Tomasi di Lampedusa narrates how, soon after Italy’s unification, the honest Piedmont’s official Chevalley [Piedmont, at that time an advanced region, unified Italy in 1861] was sent to implore the Sicilian Prince of Lampedusa [the author's great-grandfather and protagonist of the novel,] to represent Sicily in the new Italian Senate, “in order to remedy the state of material poverty, of blind and moral misery in which the Sicilian people find themselves, your own people!”

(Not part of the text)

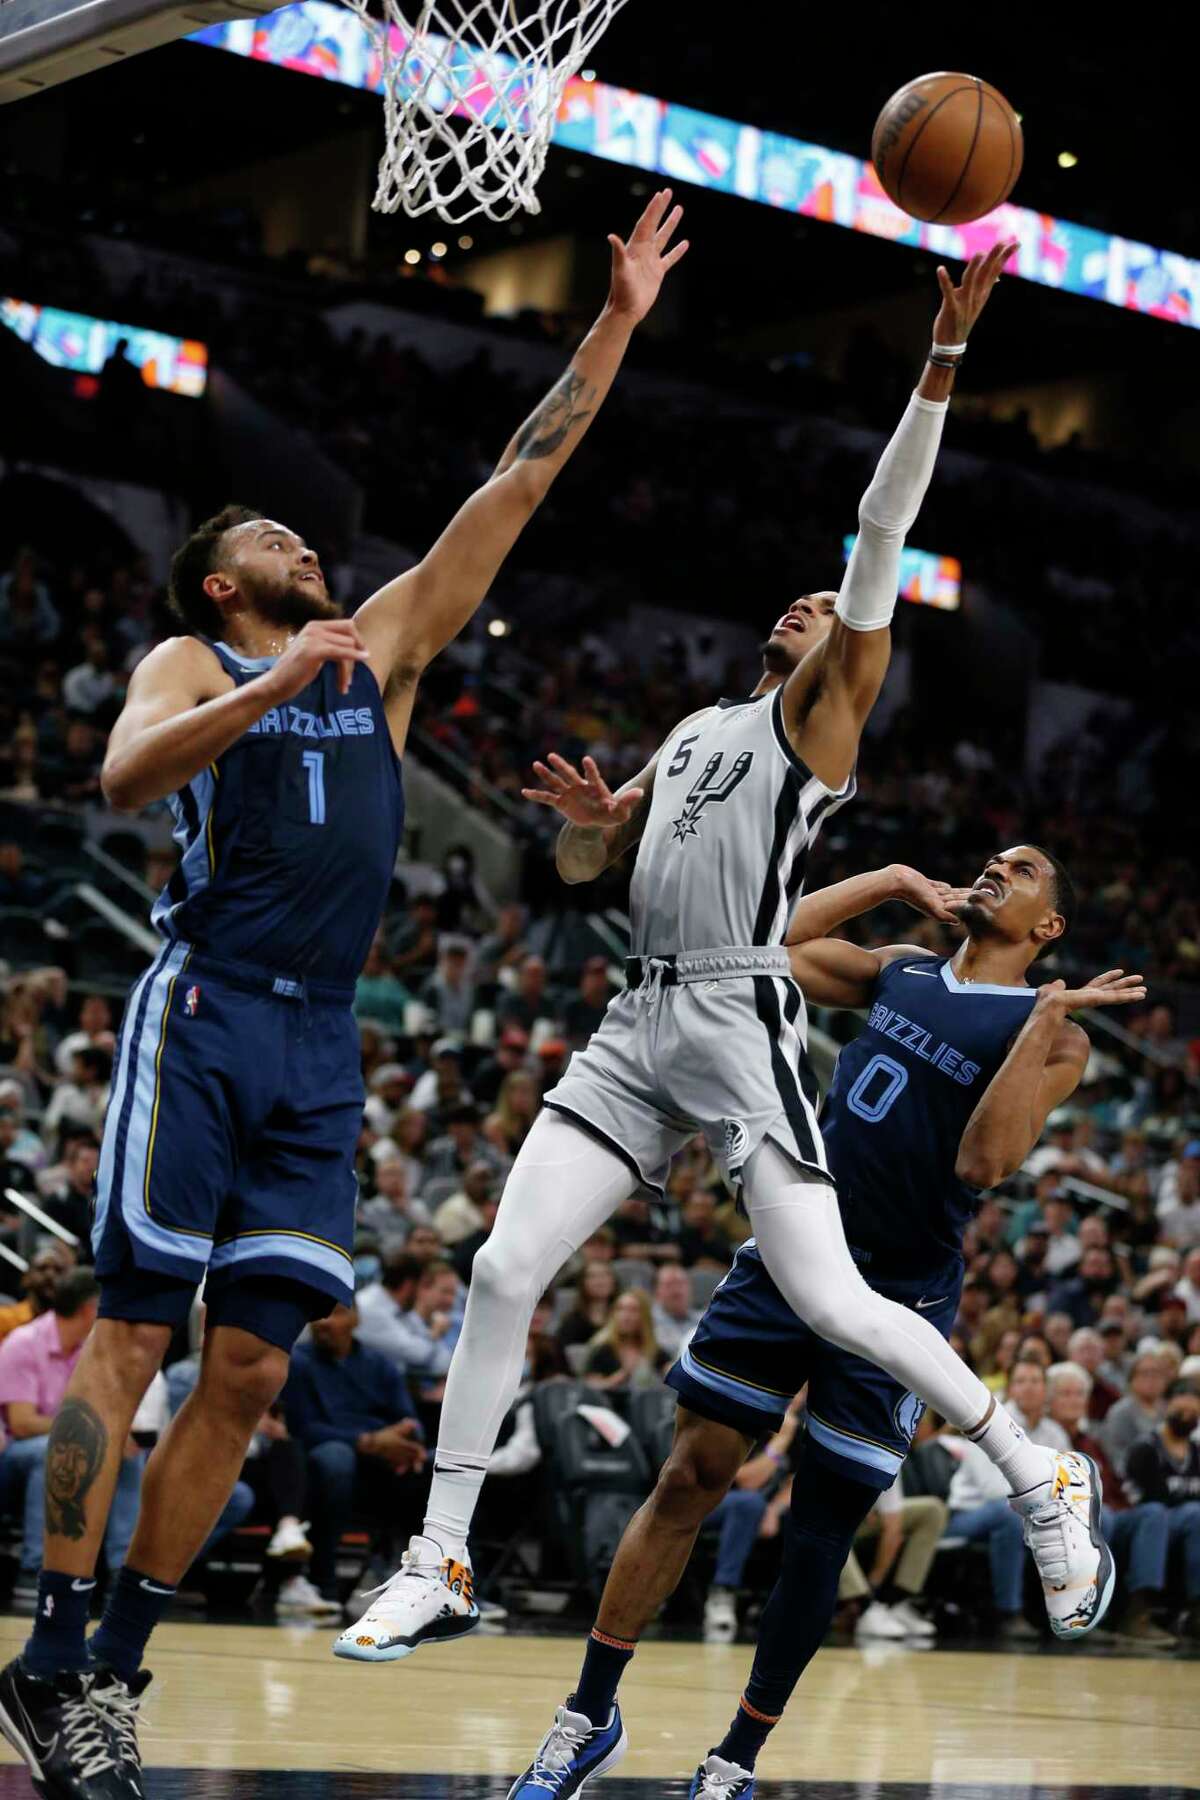 San Antonio Spurs guard Dejounte Murray (5) drives on Memphis Grizzlies Kyle Anderson (1) in second quarter. San Antonio Spurs v Memphis Grizzlies on Wednesday, March 30, 2022 at the AT&T Center.

The Prince, smiling and inviting Chevalley to sit down with him on the sofa for a while, answered with the same words he had uttered with some English who, before Giuseppe Garibaldi conquered Palermo, were asking what all these Northern Italians, these Garibaldini, were doing in the South of Italy.

They are coming to teach us good manners – replied the Prince in English – but they won’t succeed, because we are gods.

Then in the end (with poor, decent Chevalley in total dismay because of the Prince’s denial) the aristocrat added that things in Sicily had not changed and will never change for that ‘sense of superiority that glitters in the eye of every Sicilian, that we ourselves call pride (fierezza,) but which is actually only blindness.’

An enlightening, though gloomy, reflection.

The Leopard. Burt Lancaster and Claudia Cardinale

Note. This ‘pride which is actually blindness’ can be said of all great civilizations on earth that were. If we are worth for what we were, we are much much worthier for what we are.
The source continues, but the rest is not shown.